Railcar leasing earnings from operations were $22.9 million for the second quarter of 2016 compared to $19.1 million for the same period in 2015. This increase was due to the growth in the number of railcars in the Company’s lease fleet.

Railcar services earnings from operations were $3.1 million for the second quarter of 2016 compared to $3.9 million for the same period in 2015. This decrease was primarily due to costs associated with the ramp up of operations at our recently completed expansion projects as well as higher depreciation expenses and additional administrative support expenses to foster growth of this segment.

Selling, general and administrative expenses were $7.3 million for the second quarter of 2016 compared to $5.3 million for the same period in 2015. This $2.0 million increase was due primarily to lower consulting expense in the second quarter of 2015 as well as higher depreciation related to the Company’s new enterprise resource planning system in 2016.

Net earnings for the second quarter of 2016 were $19.9 million, or $1.02 per share compared to $33.0 million, or $1.54 per share, in the same period in 2015. This decrease was driven primarily by decreased consolidated earnings from operations, as discussed above.

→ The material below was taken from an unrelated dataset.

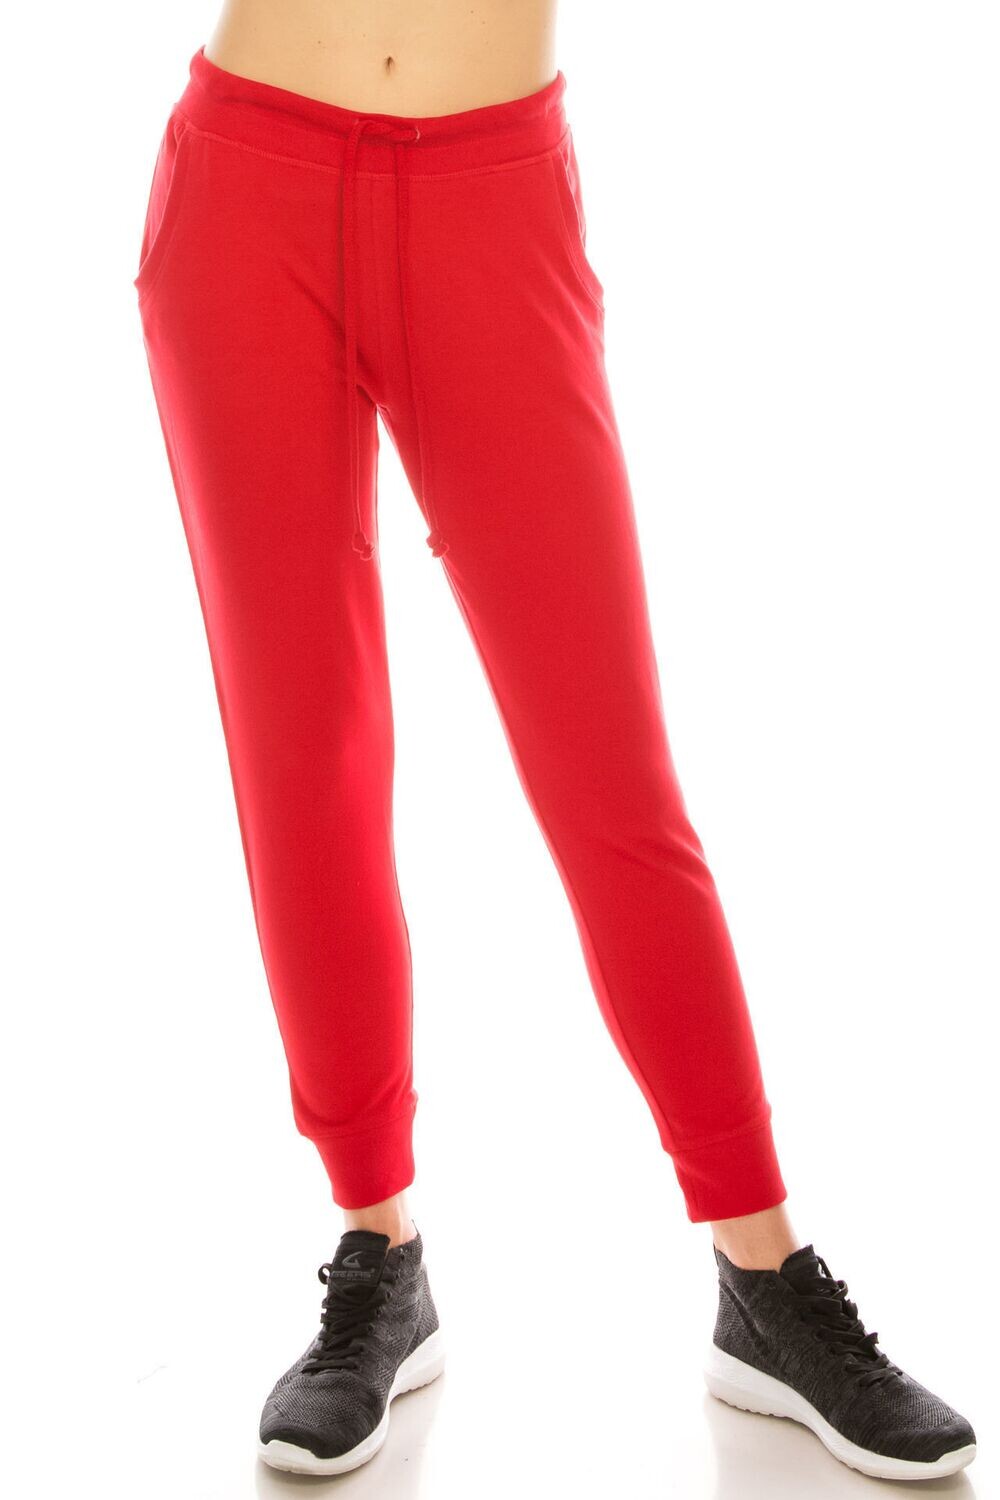 Women's Active Jogger Track Sweat Pants - Light Weight

EBITDA, adjusted to exclude share-based compensation expense (Adjusted EBITDA), was $50.4 million for the second quarter of 2016 compared to $68.5 million for the comparable quarter of 2015. The decrease resulted primarily from decreased earnings from operations as discussed above. A reconciliation of the Company’s net earnings to EBITDA and Adjusted EBITDA (both non-GAAP financial measures) is set forth in the supplemental disclosure attached to this press release.

Year-to-Date Results:

Consolidated revenues for the first six months of 2016 were $326.7 million compared to $455.8 million for the comparable period in 2015. The Company shipped 2,062 direct sale railcars and 285 railcars built for the Company’s lease fleet during the first six months of 2016 compared to 3,395 direct sale railcars and 1,670 railcars built for the lease fleet during the same period in 2015. Railcars built for the lease fleet represented 12% of ARI’s railcar shipments in the first six months of 2016 compared to 33% for the same period in 2015.

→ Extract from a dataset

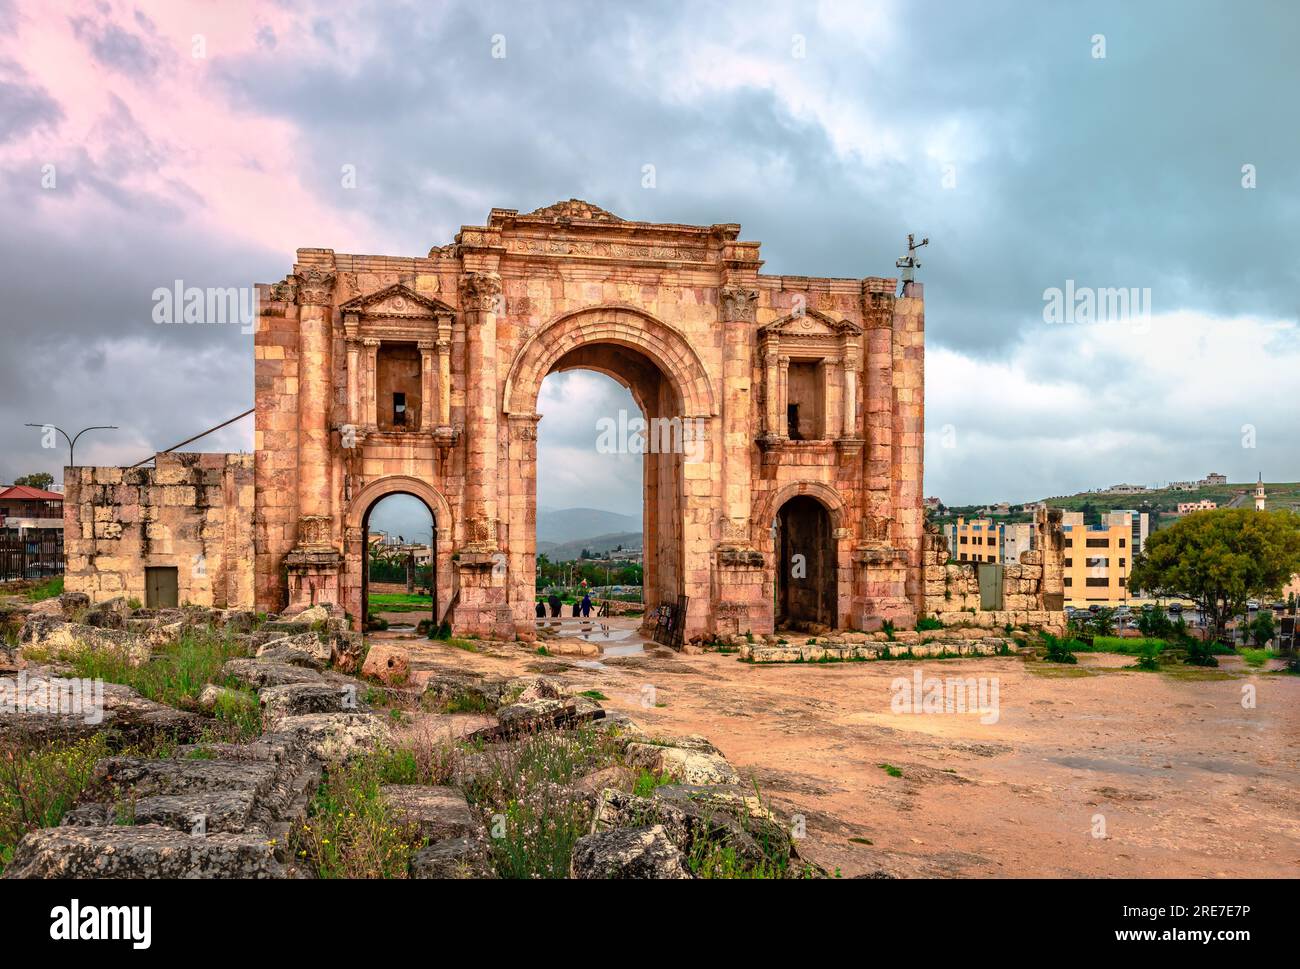 Hadrian’s Arch in Jerash, Jordan. Built in 129AD, this gate marks the ancient city’s boundaries. View from inside the ancient city. Stock Photo

Consolidated earnings from operations for the first six months of 2016 were $76.7 million, a decrease of 33% from $115.3 million for the comparable period in 2015. Consolidated earnings from operations for the first six months of 2016 and 2015 excluded $4.5 million and $60.9 million, respectively, of profit on railcars built for the lease fleet that is eliminated in consolidation. Operating margins were 23.5% for the first six months of 2016 compared to 25.3% for the same period of 2015. These decreases were primarily due to fewer direct sale shipments, as discussed above, more competitive pricing on both hopper and tank railcars and higher costs associated with the lower production rates at our tank railcar facility, partially offset by increased earnings due to the growth in the lease fleet.

Net earnings for the first six months of 2016 were $42.7 million, or $2.18 per share compared to $67.9 million, or $3.18 per share, for the comparable period in 2015, due to decreased earnings from operations and a reduction of $1.0 million from earnings from joint ventures as demand is tied to the industry’s new railcar demand.

Adjusted EBITDA was $104.9 million for the first six months of 2016, a decrease of $35.5 million from $140.5 million for the comparable period in 2015. The decrease resulted primarily from decreased consolidated earnings from operations, in addition to a reduction of earnings from joint ventures for the first six months of 2016 compared to the same period in 2015.